The answer should hold every line of the listing, unchanged and free of images.

Collected data:
=====

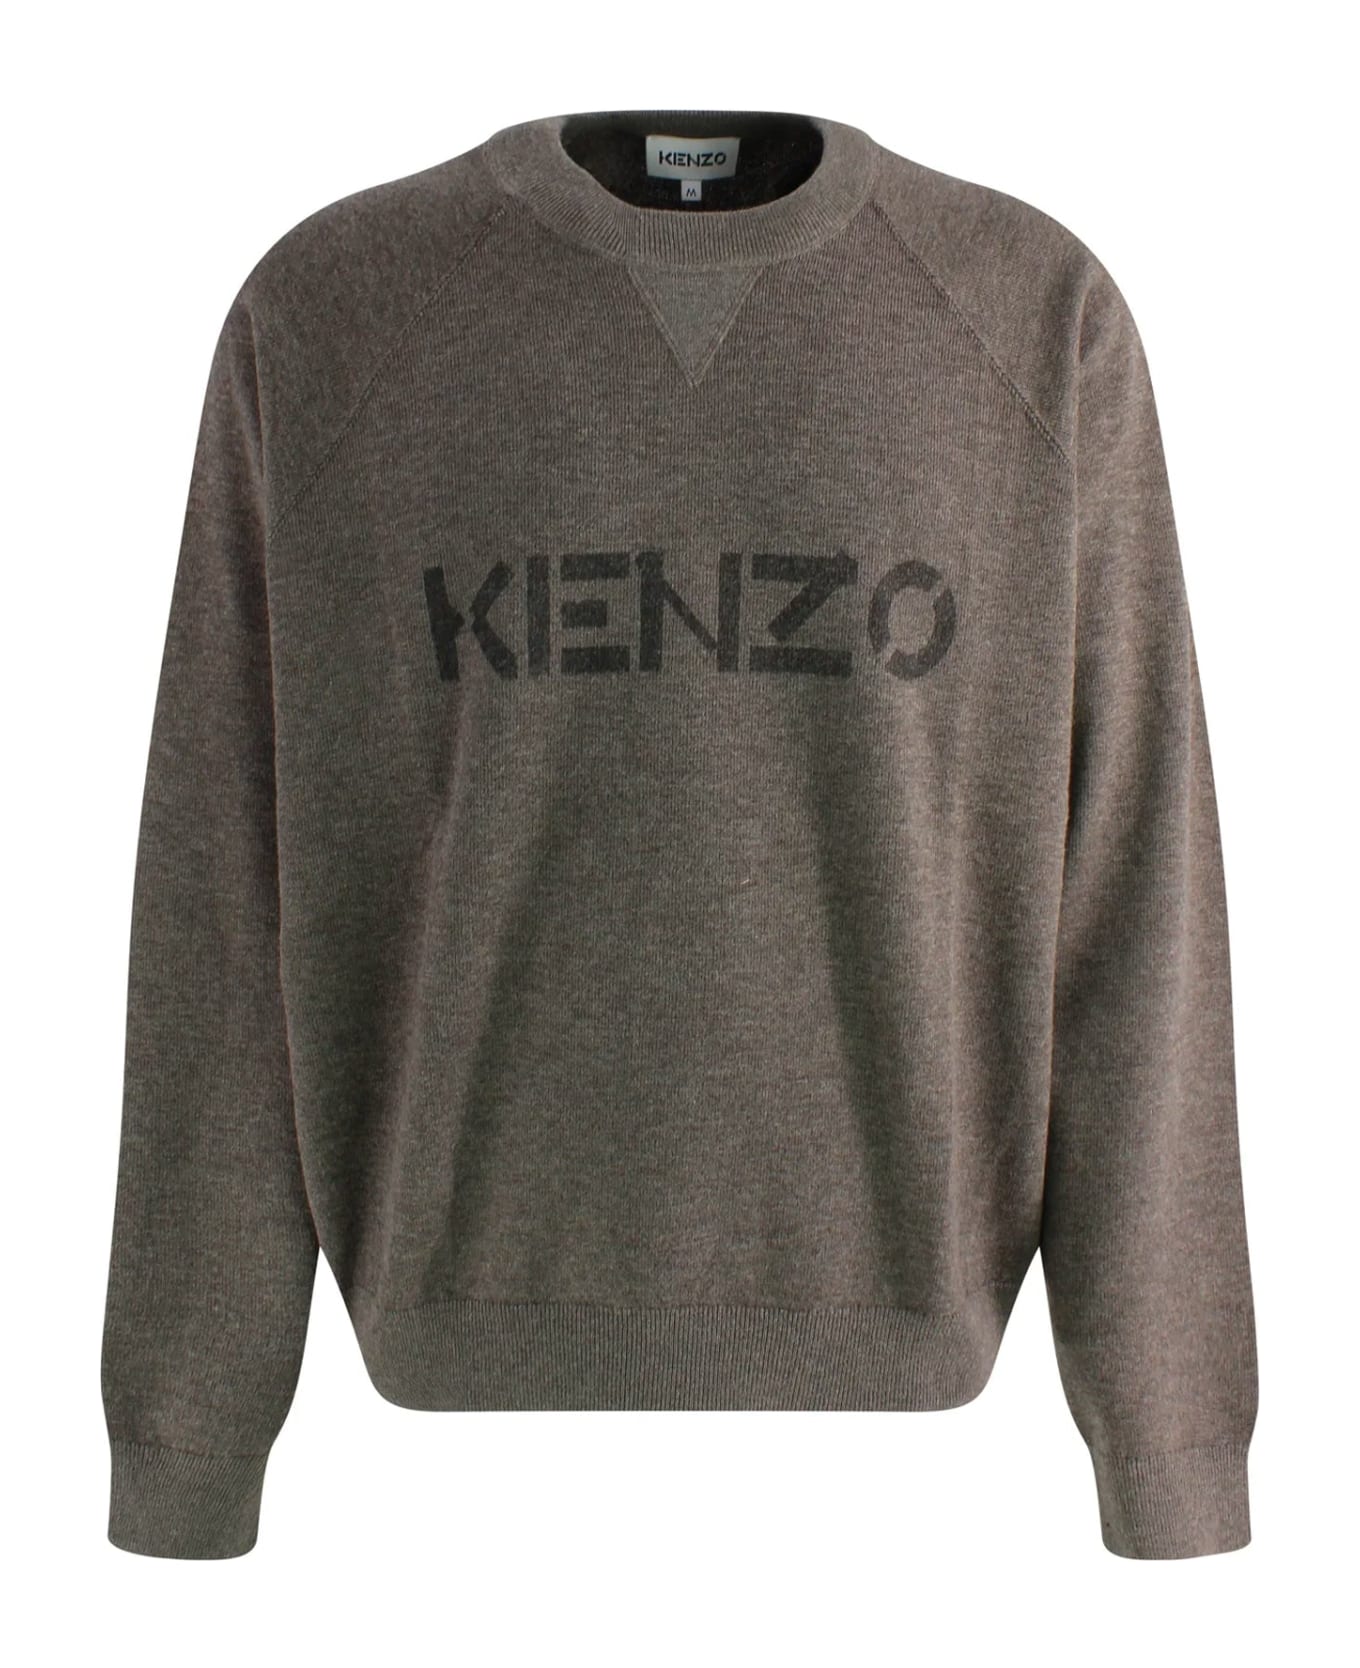 Kenzo Logo Sweater - Brown
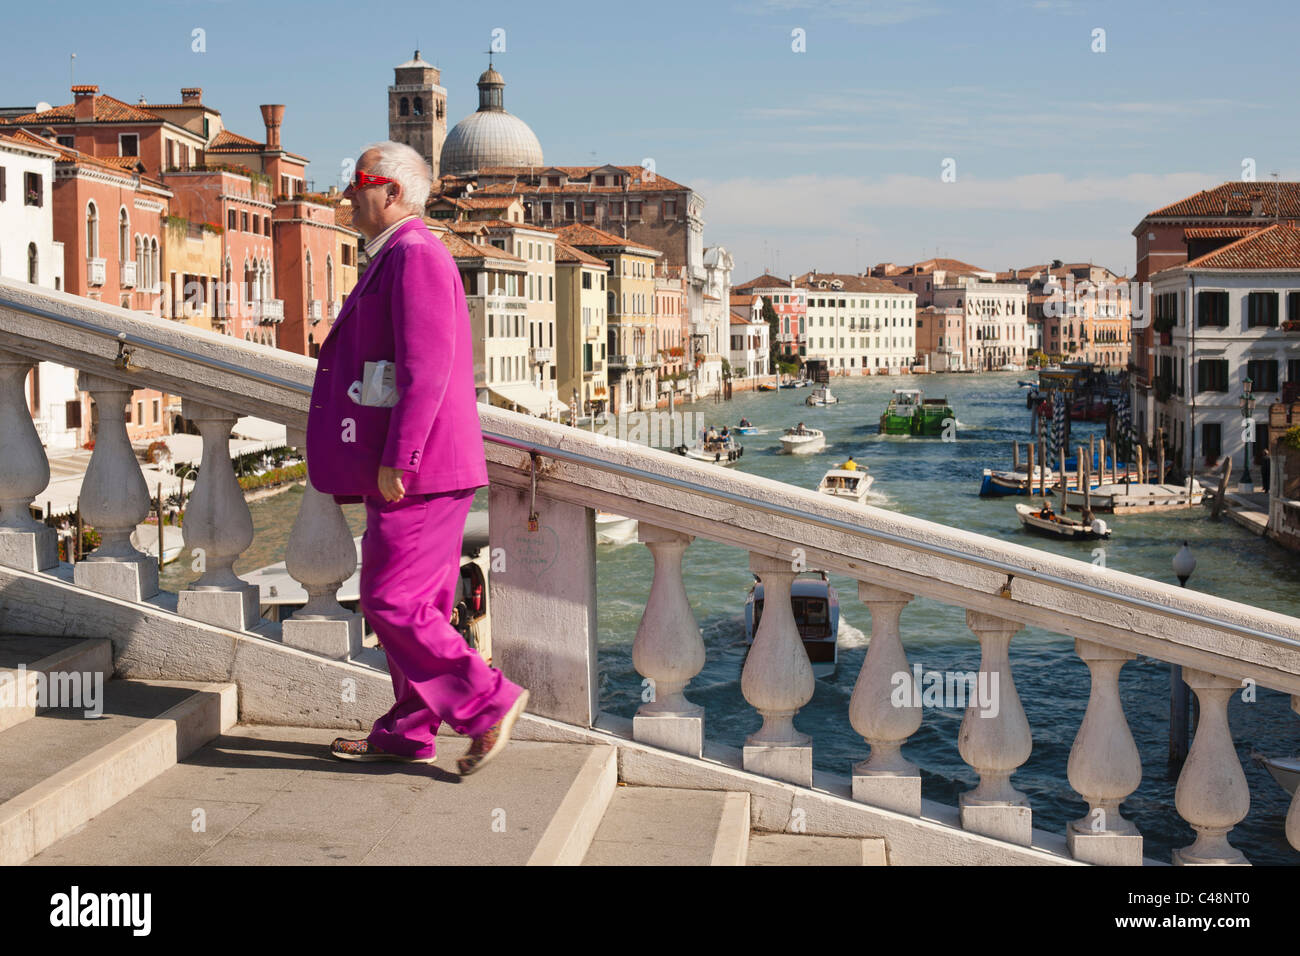 Un homme habillé de façon imagée de traverser un pont à Venise, Italie. Banque D'Images
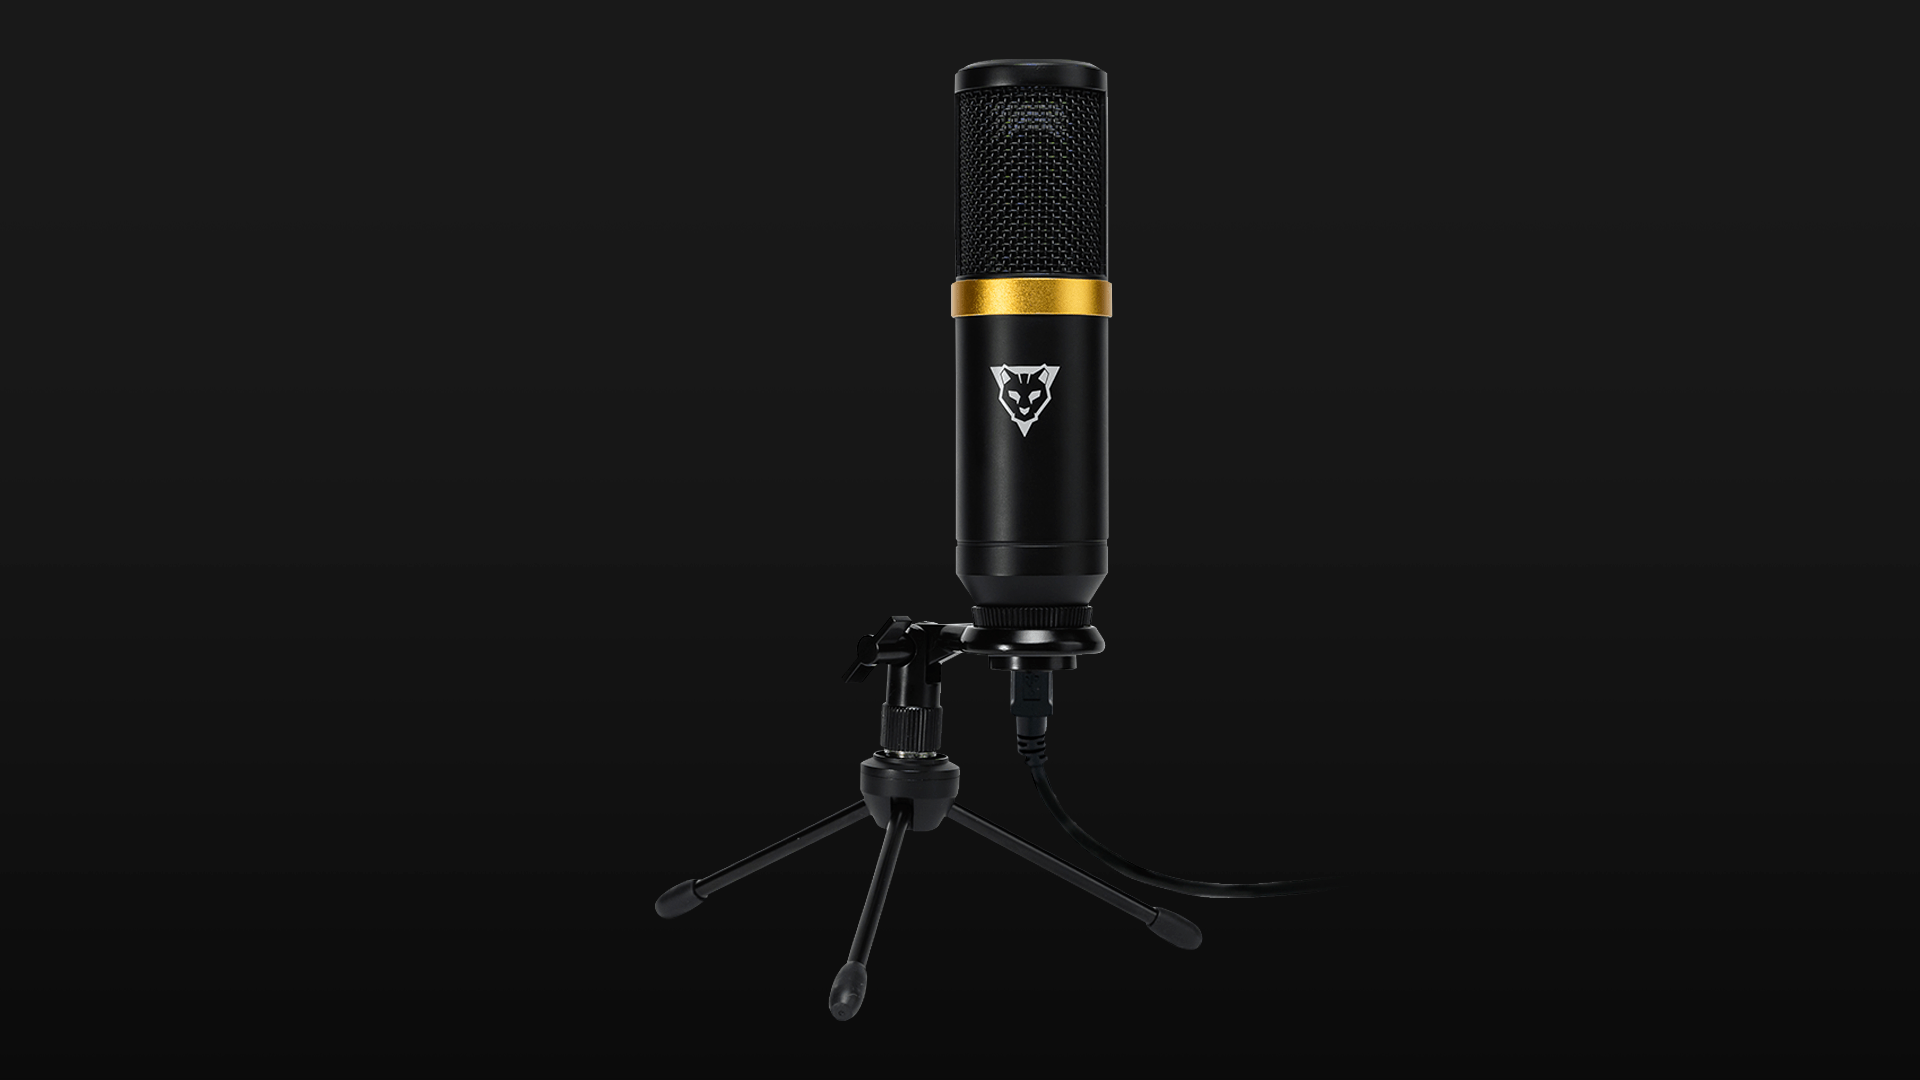 Micrófono - OGMIC01 - Ocelot Gaming - Venta de microfonos para pc
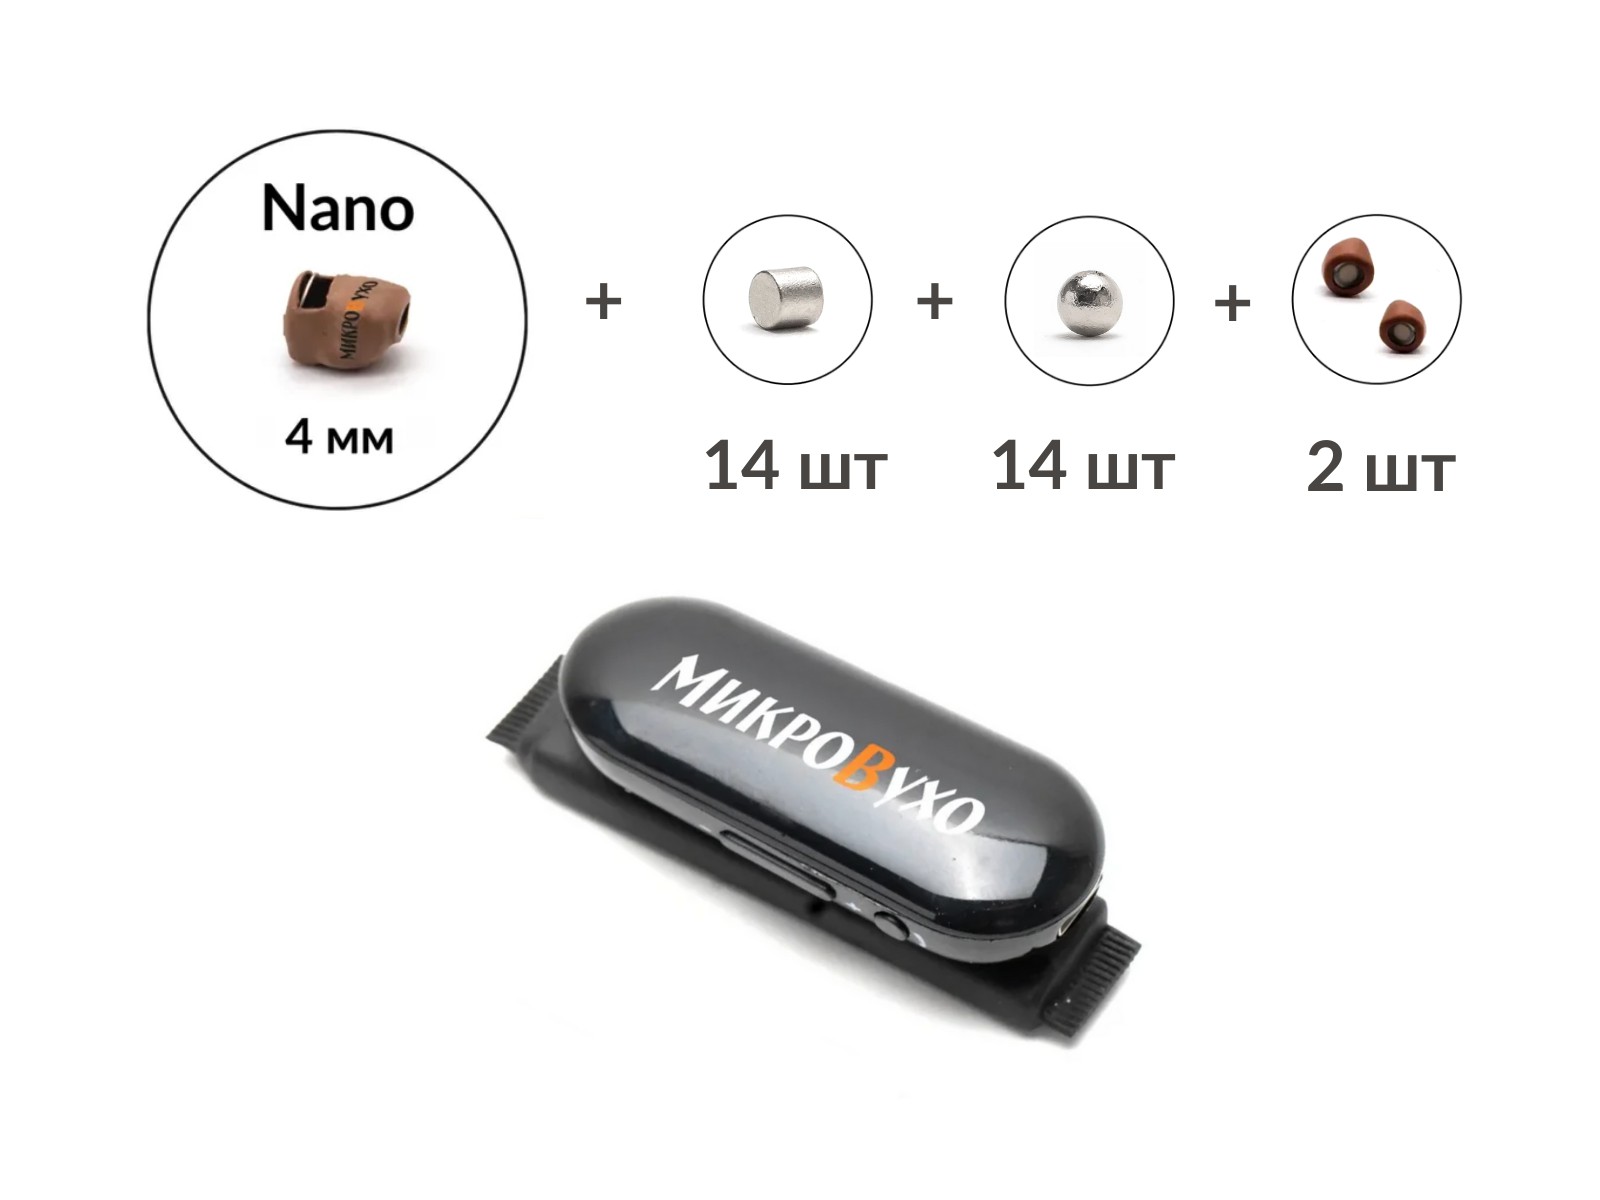 Универсальная гарнитура Bluetooth Box Pro Plus c капсулой Nano 4 мм и магнитами 2 мм - изображение

=====

Task result:
 Kenzo Logo Sweater - Brown
 Un homme habillé de façon imagée de traverser un pont à Venise, Italie. Banque D'Images
 Micrófono - OGMIC01 - Ocelot Gaming - Venta de microfonos para pc
 Универсальная гарнитура Bluetooth Box Pro Plus c капсулой Nano 4 мм и магнитами 2 мм - изображение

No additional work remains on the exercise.